This DNA Sequencer Costs Less Than an iPhone. Conclusion: I Need to Learn Bioinformatics.

Plus the “cover band learning strategy”, 39 bioinformatics tools and two The Simpsons references.

Kahlil Corazo
11 min readOct 29, 2019

Do you remember this episode in The Simpsons?

I predict that within 10 years, computers will be twice as powerful, ten thousand times larger, and so expensive that only the 5 richest kings of Europe will own them. — Dr. Frink

When this aired, many of us had our personal computers at home. We found this funny because we were living in the future, where Moore’s law had marched relentlessly — and continues to do so up to this day.

In the world of biology, the same joke could have been made with DNA sequencing. When the human genome was sequenced in the early 2000s, it cost $2.7 billion. Even if Dr. Frink predicts that the cost of sequencing will fall following Moore’s law, the logic of the joke will still work (but perhaps not its effectiveness) because the price per Megabase of sequenced DNA has fallen much faster than the price of computing power.

https://www.genome.gov/about-genomics/fact-sheets/Sequencing-Human-Genome-cost

Despite the falling cost of DNA sequencing, the capital cost of a sequencer was still in the hundreds of thousands of USD — up until a few years ago, when the Oxford Nanopore MinION came out. It is the size of a mobile phone and you plug it in your computer.

image sources https://www.genomeweb.com/sequencing-technology/oxford-nanopore-releases-pricing-minion-flow-cells-users-publish-new-data https://www.evaluate.com/vantage/articles/analysis/spotlight/oxford-nanopore-disruptive-unicorn-gunning-illumina

At the time of writing (2019), the startup package, which includes a sequencer, flow cells and reagents, only costs $1,000. You need to buy more flow cells and reagents once they are used up. Flow cells costs $500 to $900 (cheaper at volume) and can produce up to 30 Gigabases of sequenced DNA per flow cell.

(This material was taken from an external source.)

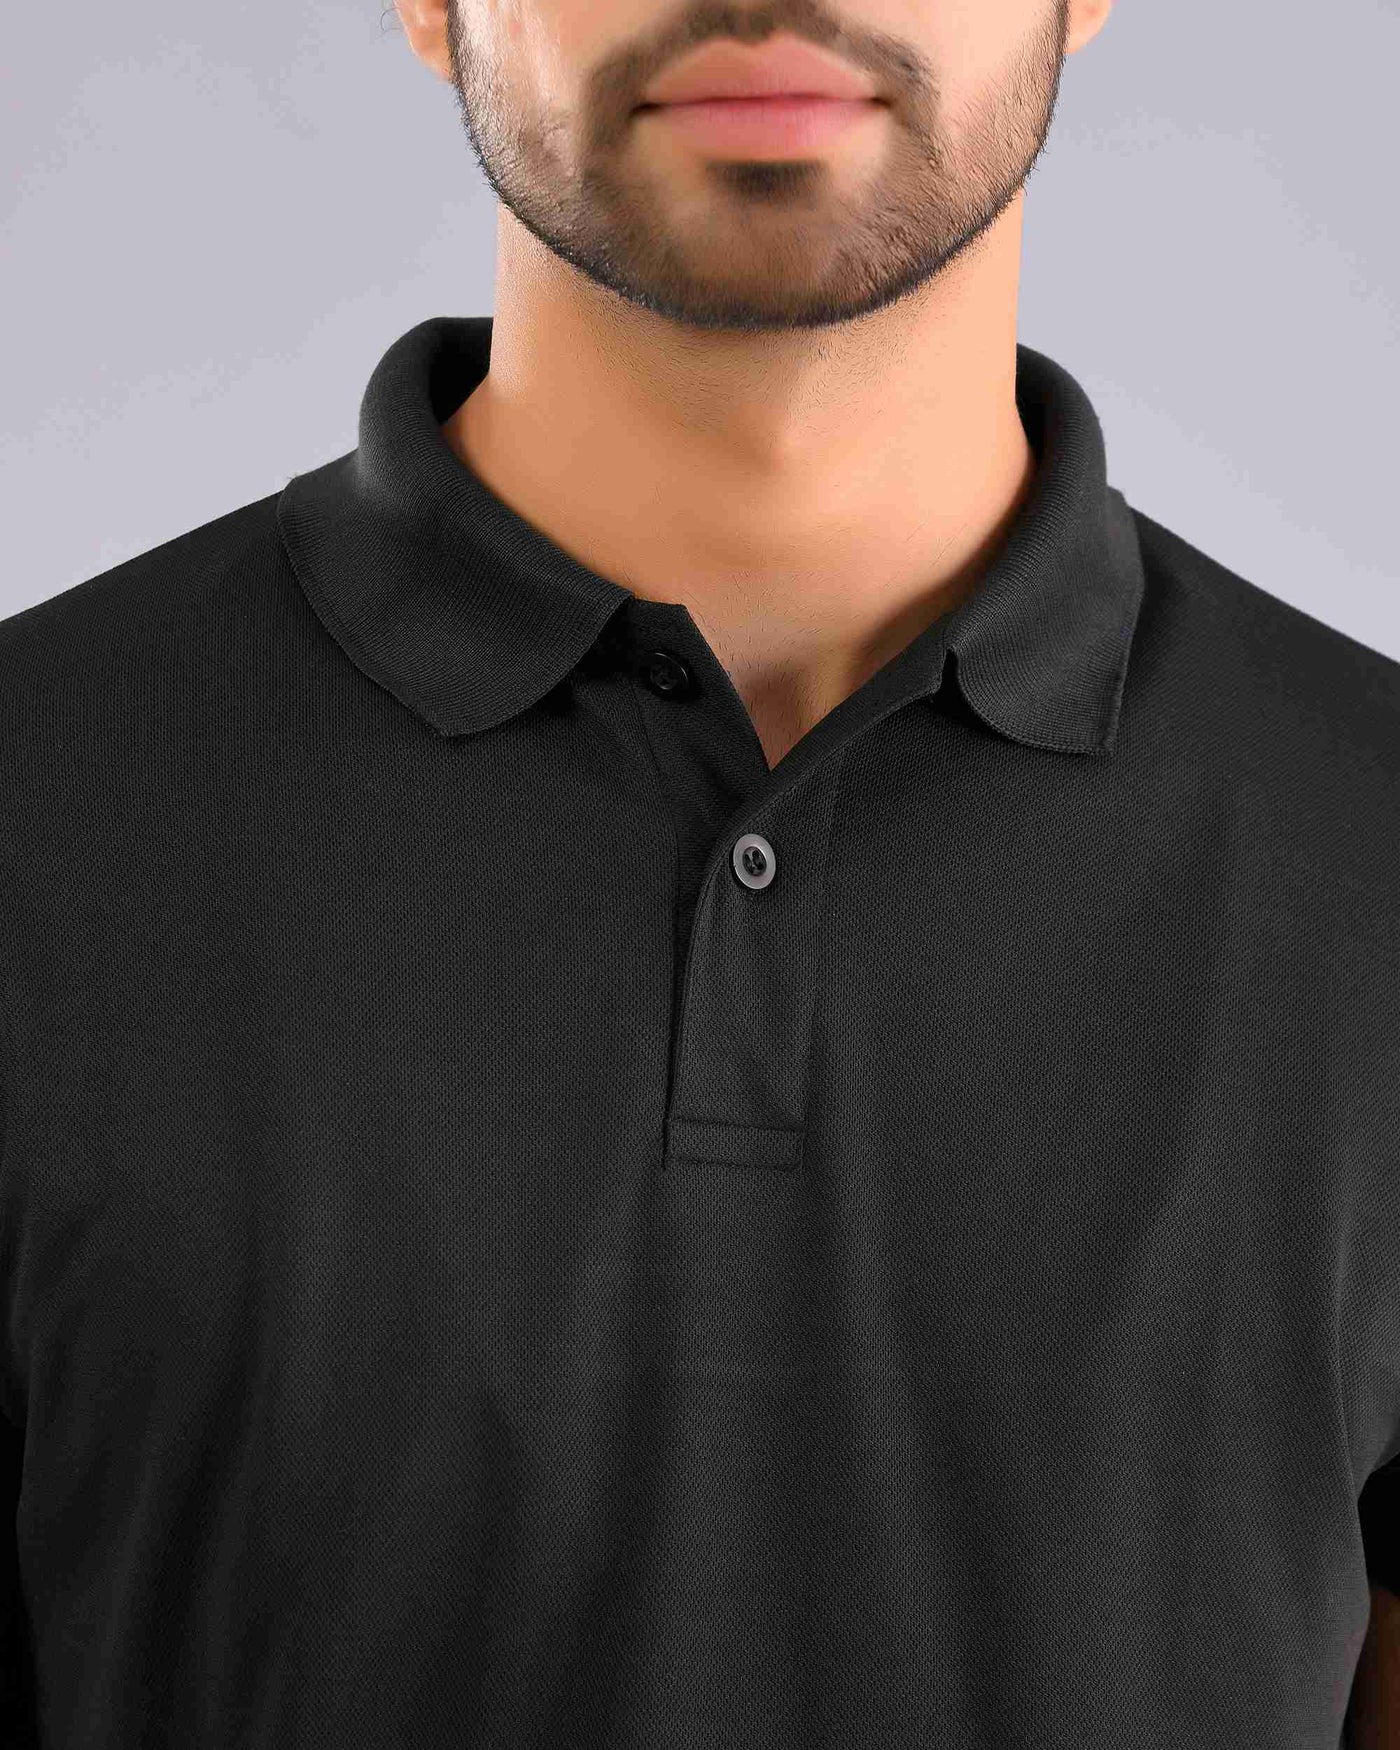 Dry Fit Black Polo T-Shirt

Cost of reagents per sequencing is around $100.

From Li, Changsheng & Lin, Feng & An, Dong & Wang, Wenqin & Huang, Ruidong. (2017). Genome Sequencing and Assembly by Long Reads in Plants. Genes. 9. 6. 10.3390/genes9010006. https://www.ncbi.nlm.nih.gov/pubmed/29283420 (note that the price/Gb for Nanopore is probably wrong — see below)
Li et al above says $750 per GB for Nanopore, but the Nanopore website says it can do $15 — $60 per GB. https://nanoporetech.com/products/comparison#output
Bleidorn, Christoph (2016). “Third generation sequencing: technology and its potential impact on evolutionary biodiversity research”. Systematics and Biodiversity. 14 (1): 1–8. doi:10.1080/14772000.2015.1099575. ISSN 1477–2000. https://www.tandfonline.com/doi/abs/10.1080/14772000.2015.1099575?journalCode=tsab20

Not yet something everyone will have in their homes, but affordable enough for an MS Biology student like me to consider for a thesis. I read a couple of papers to see how this could be done for my organism of interest. This led me to conclude that I would need to learn bioinformatics. The numbers below might also convince you to do the same. I also share my learning plan. Would love to hear your thoughts.

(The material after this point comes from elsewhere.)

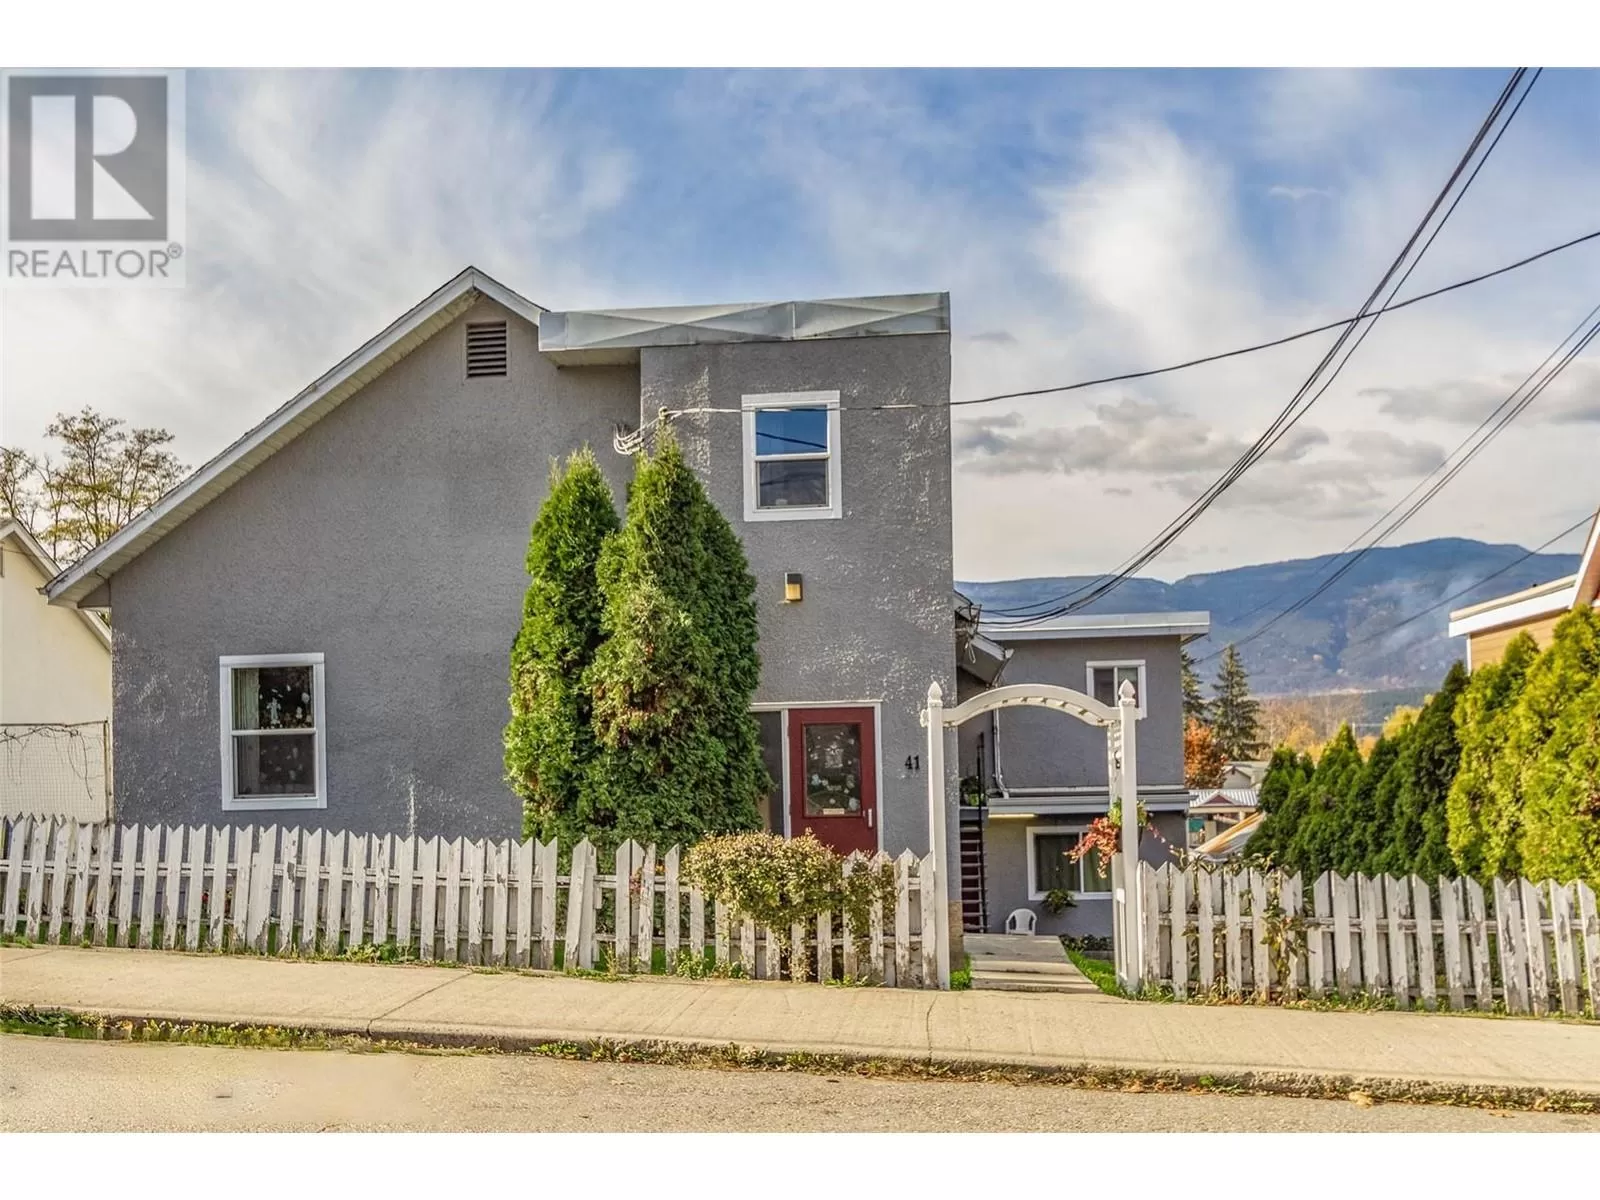 Multi-Family for rent: 41 3 Street Se, Salmon Arm, British Columbia V1E 1H6

Here are the two papers. As you can see, my organism of interest is cacao. The first paper used a PacBio sequencer and the second one used the MinION.

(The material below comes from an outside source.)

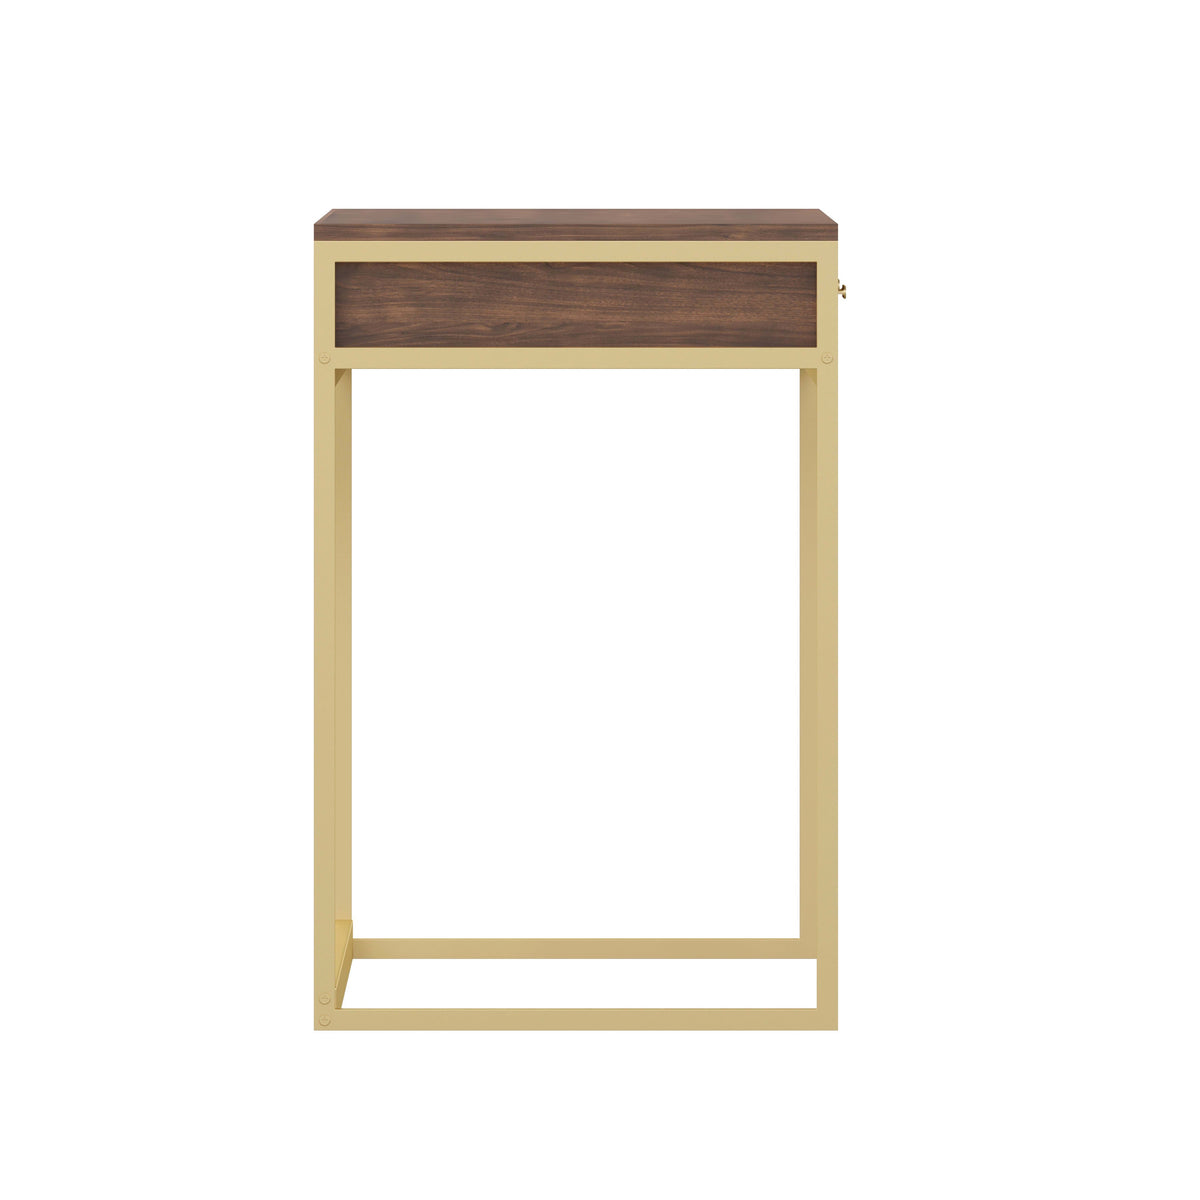 Walnut Top/Polished Brass Frame |#| Walnut 3 Drawer Home Office Desk with Polished Brass Metal Frame and Hardware

At the bottom of this post, I share the 39 bioinformatics software and databases I gleaned from these two papers. For comparison, below is the part of the materials and methods section of the second paper (Morrissey et al) that describe the library preparation. Judging with just the lengths of the sections, it appears that bioinformatics comprises the majority of the work in this paper. If you happen to have some actual experience in this kind of research, would you agree with this observation?

Furthermore, check out this graph of DNA sequencing data produced over time. The blue line is Moore’s law: doubling every 18 months. The red line is the historical growth rate: doubling every 7 months. By mere volume, it is looking like there is a lot of value in learning bioinformatics.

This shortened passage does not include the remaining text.